Biosolids land application is an environmentally friendly option to valorize digested material, allowing the recycling of nutrients (nitrogen and phosphorus), and the retention of carbon in soils. Biosolids are rich in phosphorus content, particularly when the plant counts with an enhanced system for phosphorus removal, either a chemical or a biological one [71]. Additionally, substituting mineral phosphates for this organic amendment helps mitigate the risks associated with the presence of Cd in low-quality rock phosphate [72,73]. Nevertheless, thermal valorization emerges as a viable alternative when sludge valorization is unfeasible due to location-specific restrictions at WWTPs regarding the presence of metals or micropollutants. The energy contained in sludge can be estimated from its higher heating value (HHV), with values ranging from 12 to 14 MJ/kg [74,75,76]. In the present case, the power derived from biosolids hardly covers drying needs, with a value of 1047 ± 187 kW if a mean HHV of 13 MJ/kg is assumed. This simplistic estimation shows the intrinsic difficulties found when attempting sludge thermal valorization. Thermal processes such as gasification and pyrolysis may seem feasible technologies for obtaining valuable fuels from sludge. However, these processes may only partly compensate for the high energy demand required for drying when integrating digestion and thermal valorization, having the solid content of the feed in the integrated system a significant impact on the global energy balance [37,77].
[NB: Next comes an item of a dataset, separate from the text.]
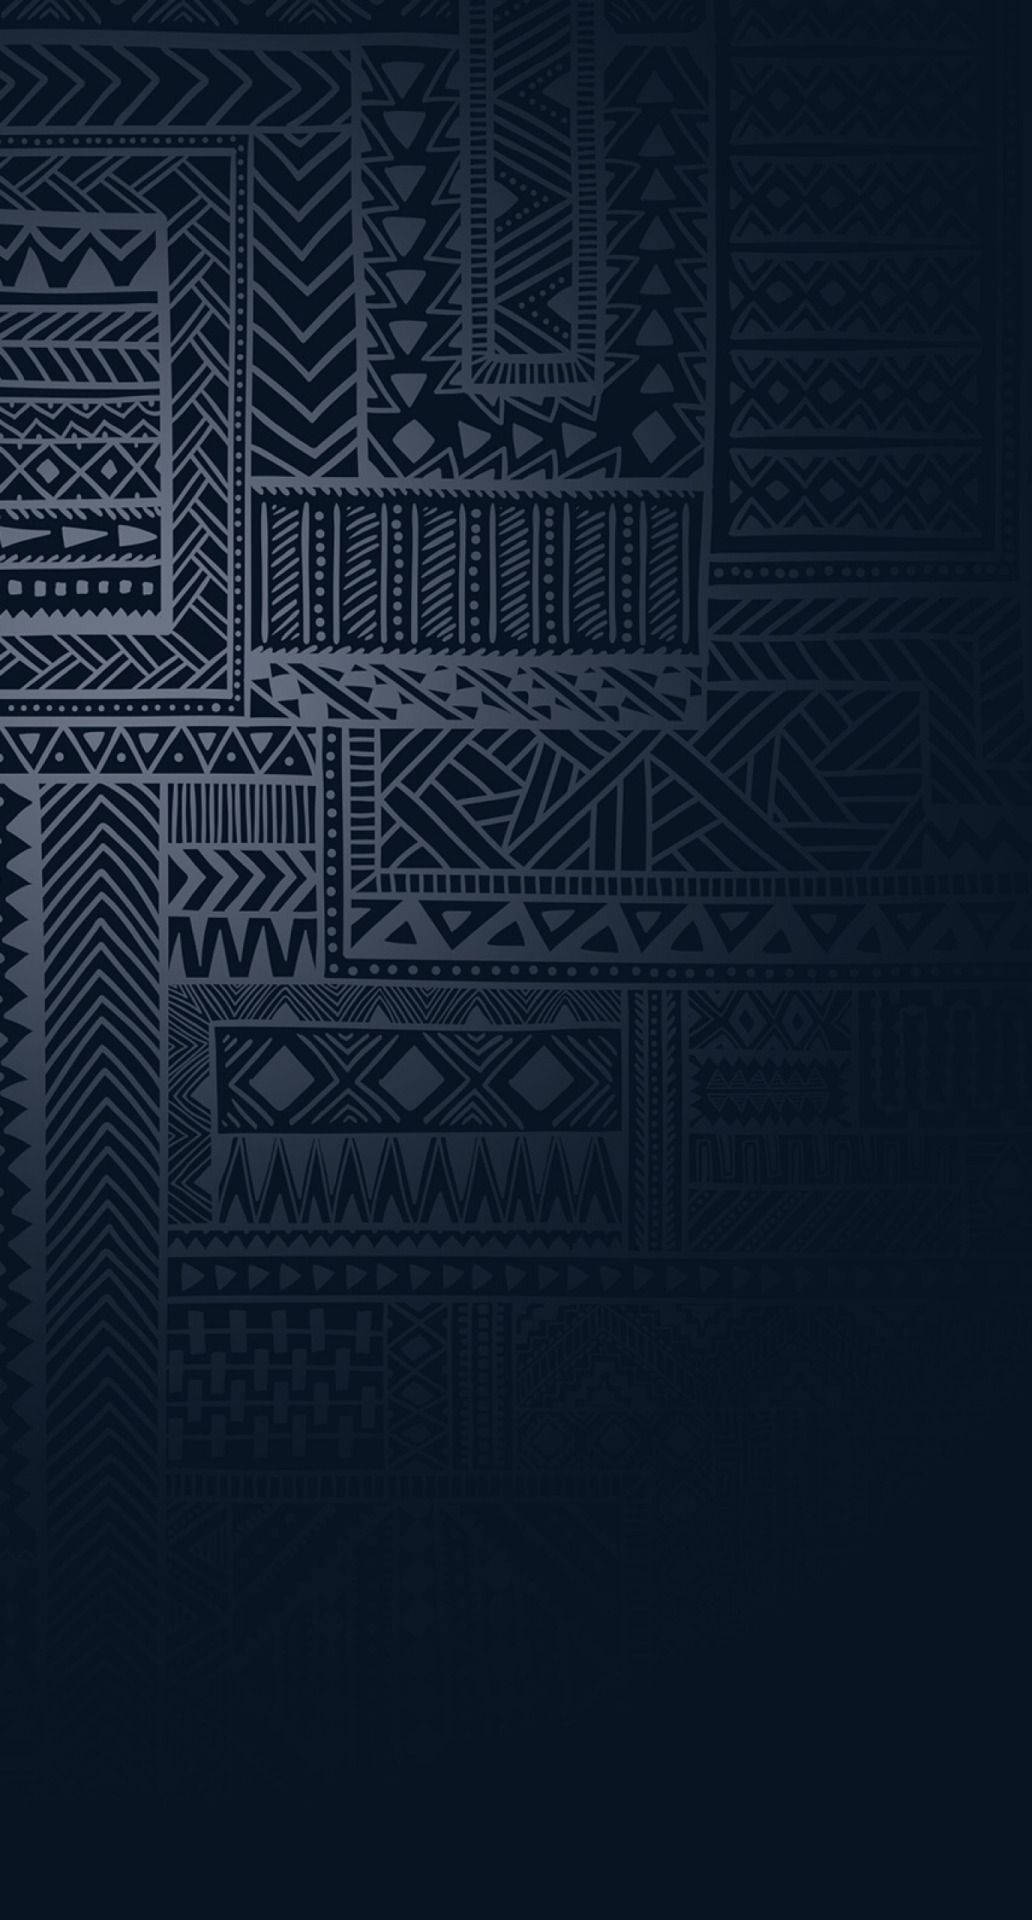 Tribal Patterns On Awesome Phone Wallpaper

3.1. Addition of H2 Gas as a Co-Substrate in Anaerobic Digestion

The use of hydrogen as a co-substrate enhances digester productivity while avoiding the inconvenience associated with handling external waste. However, the cost of the electrolyzer is a significant drawback. CO2-biomethanation can transform the CO2 present in biogas into methane by requiring additional hydrogen (See Figure 3). The amount of CO2 present in biogas was 64.7 ± 22.2 m3/h; thus, upgrading biogas into a natural gas surrogate is achieved under the assumption of the high injection case (1.0 L H2/Lr d), but the extra amount of methane produced does not equilibrate the economic balance regarding the cost of the electrolyzer.
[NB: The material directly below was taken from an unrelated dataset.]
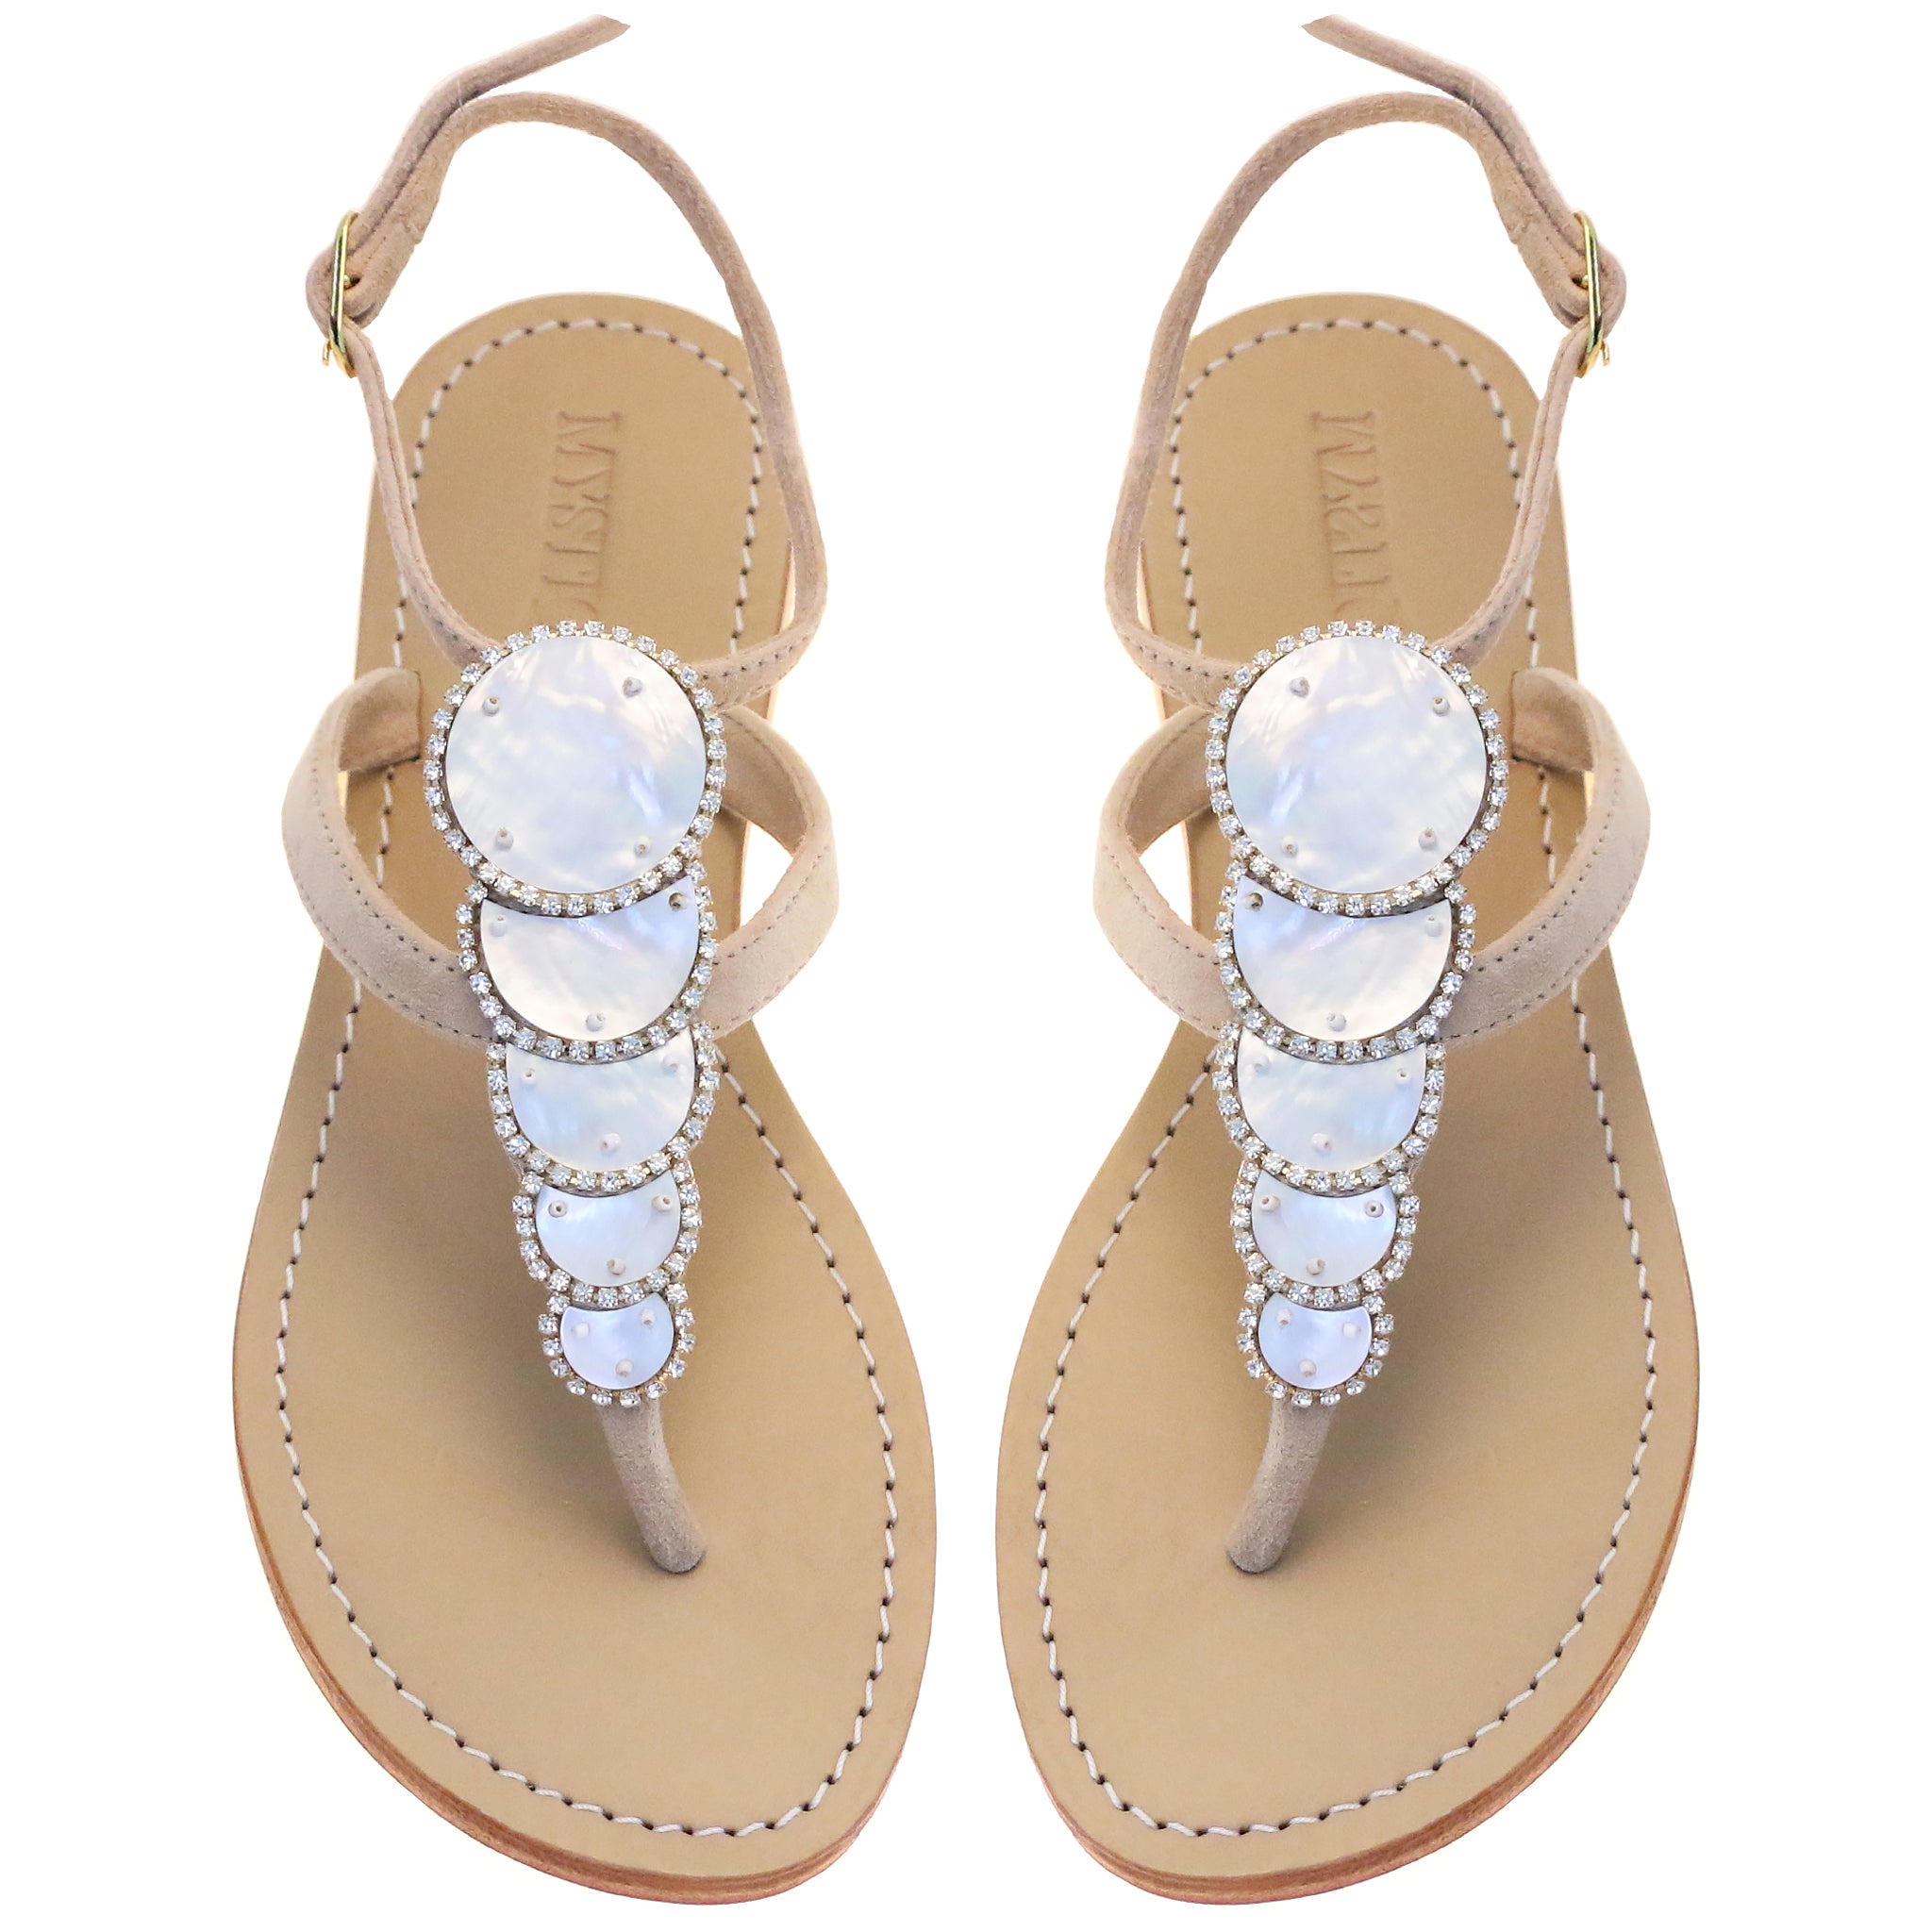 Sardinia - Women's Mother of Pearl Leather Sandals | Mystique Sandals

Table 3 shows the main results derived from the scenario 1. If the digester's conversion capacity for transforming CO2 into methane is considered, a yearly methane production equivalent to 5336 MWh/year would be available, translating into 240,106 € annual savings. This extra methane is enough to cover any demand for auxiliary fuel if digestate drying is not contemplated into the scenario. However, an average extra cost of 170,200 € is still required when a thermal drying operation is included.
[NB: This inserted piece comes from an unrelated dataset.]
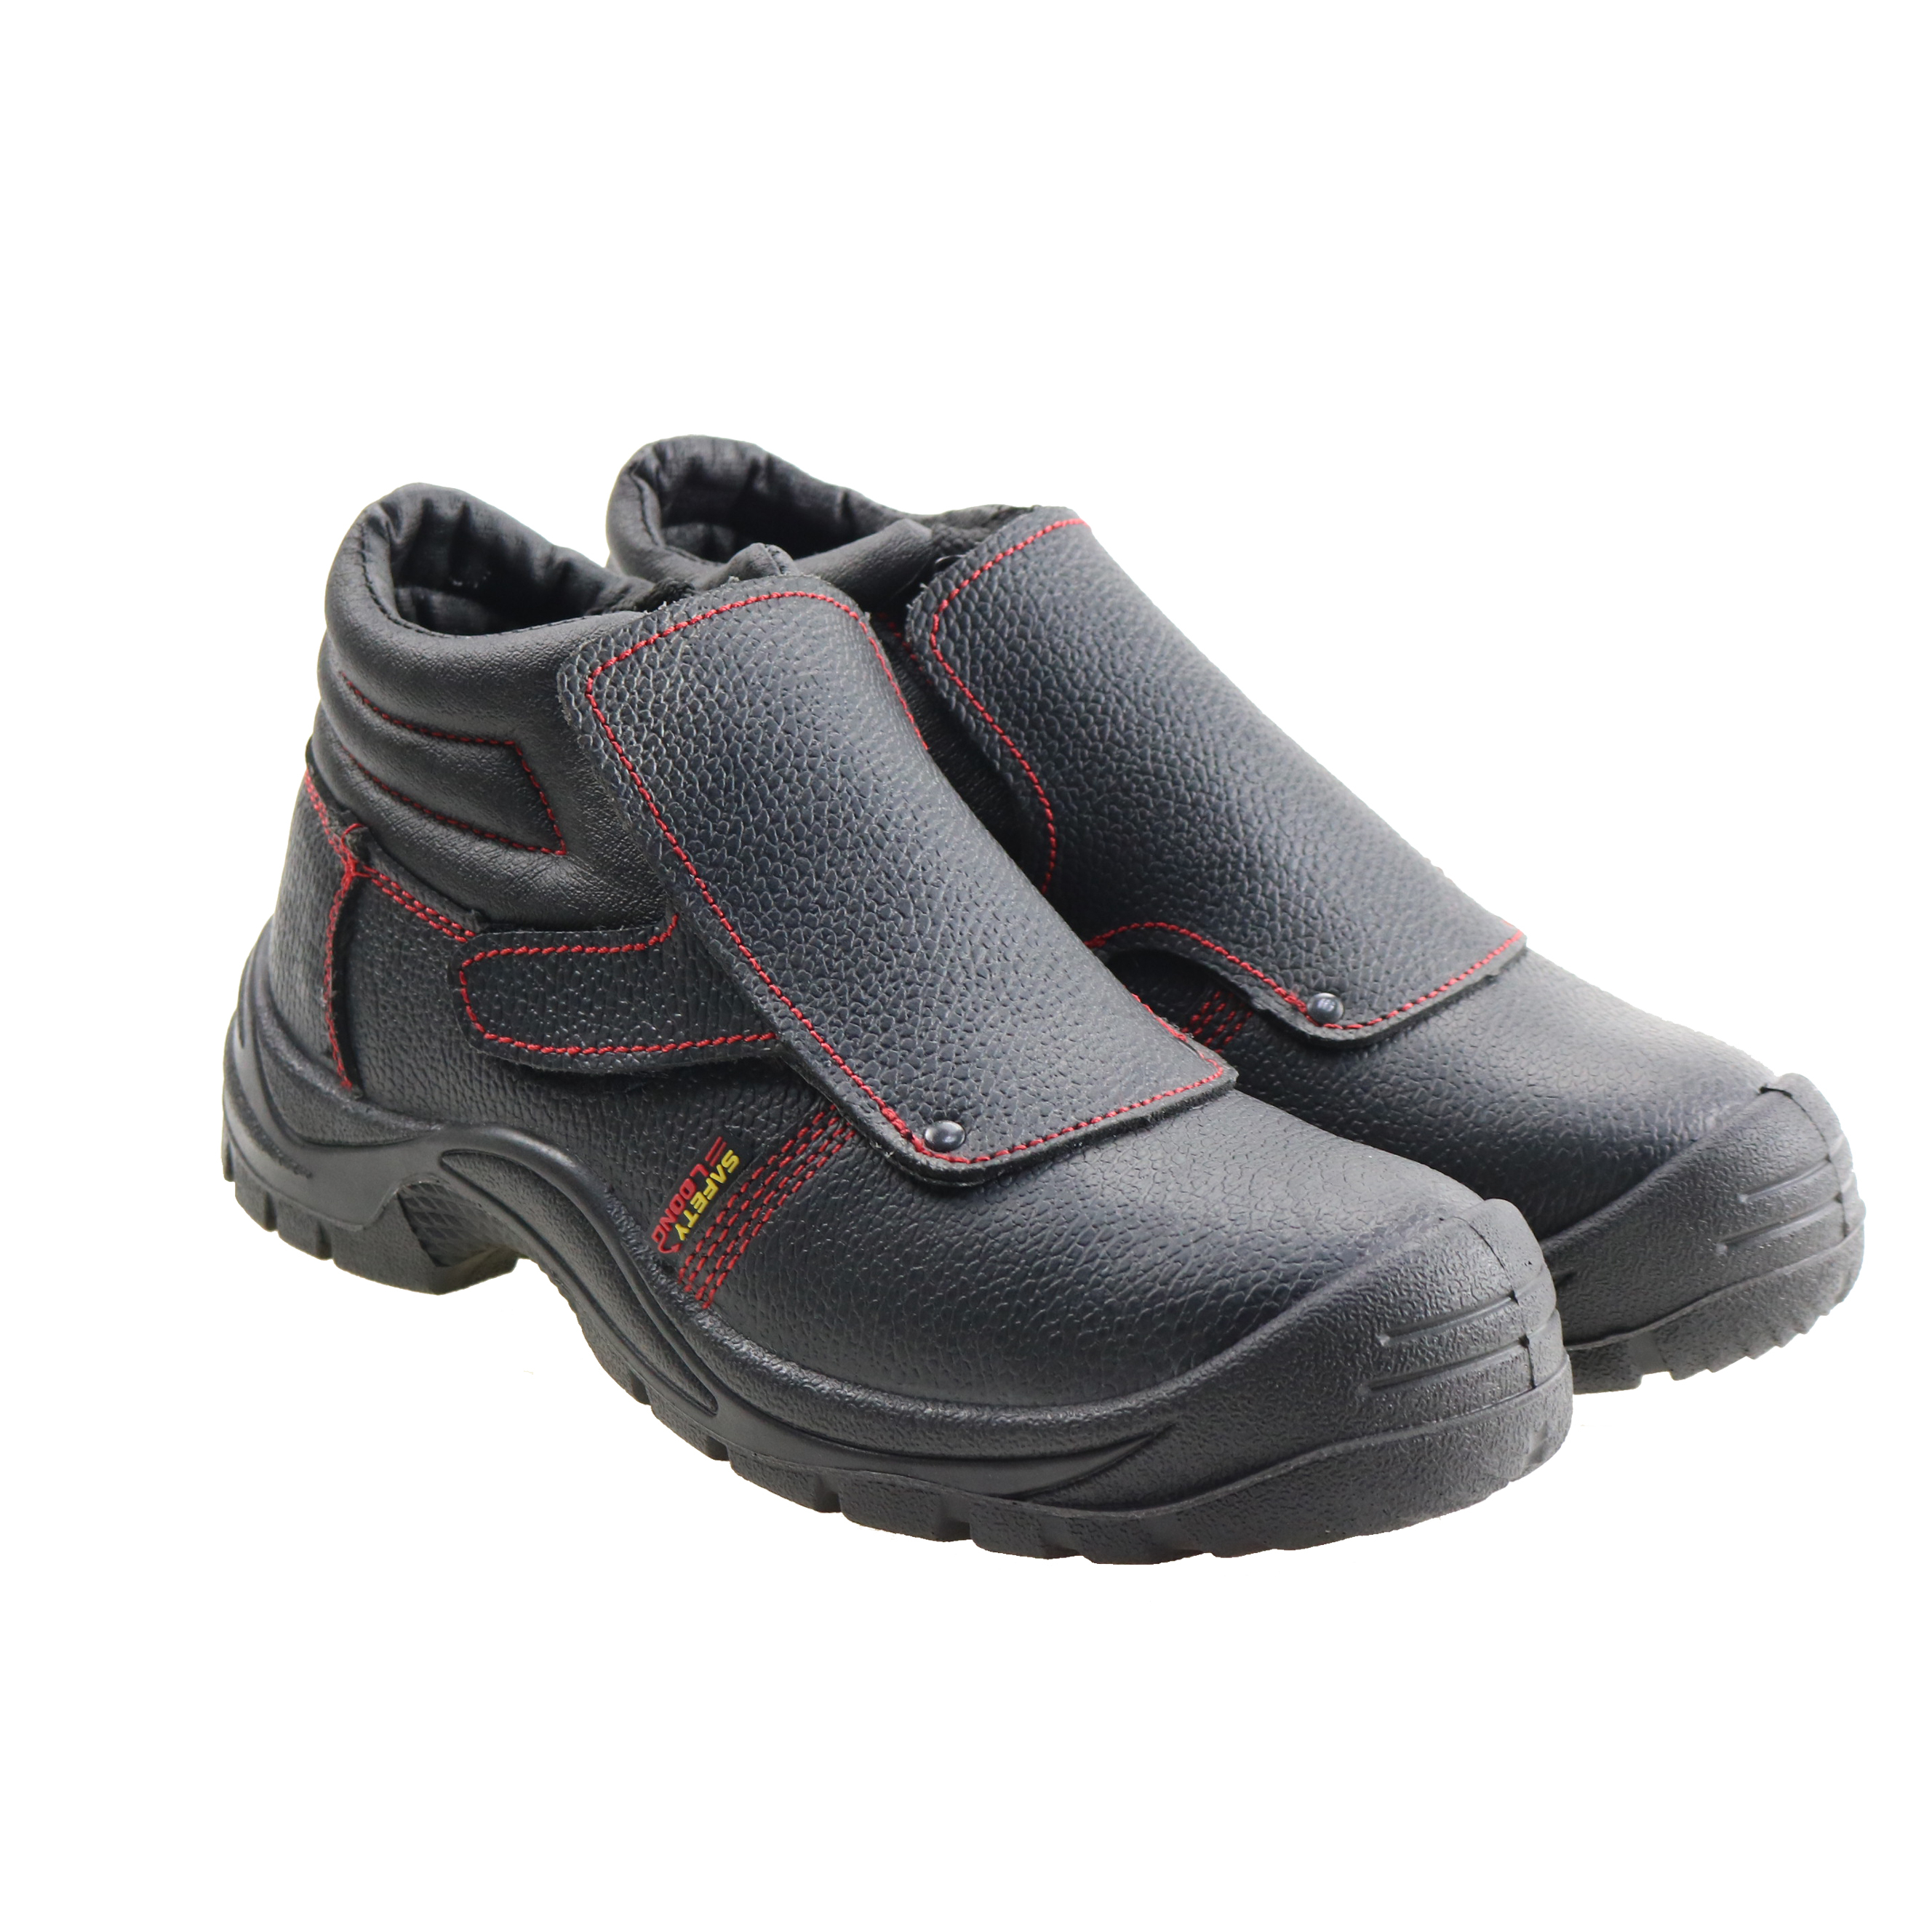 Waterproof Non-Slip Oil Resistance  With Steel Toe  Safety Shoes For Men

The transformation of CO2 into methane offers the advantage of utilizing existing equipment to upgrade biogas, achieving a quality comparable to that of natural gas. However, in addition to the electrolyzer's investment and installation costs, hydrogen production involves high electricity consumption. Currently, the lowest electricity price in Europe was reported by Finland, with a value of 0.0767 €/kWh, and the highest was that for Cyprus, with a price of 0.2578 €/kWh for the second half of the year 2024 [78], applying these prices to the economic balance translates into an hourly cost of producing methane between 81 and 272 € for obtaining the H2 flow required to upgrade biogas. In contrast, the market price of methane produced for the same interval only reaches a value of 27.5 €. This discrepancy evidences the difficulties found by technologies dealing with CO2 utilization. The price of electricity to equilibrate the balance needs to drop below 0.025 €/kWh if methane market prices are kept constant.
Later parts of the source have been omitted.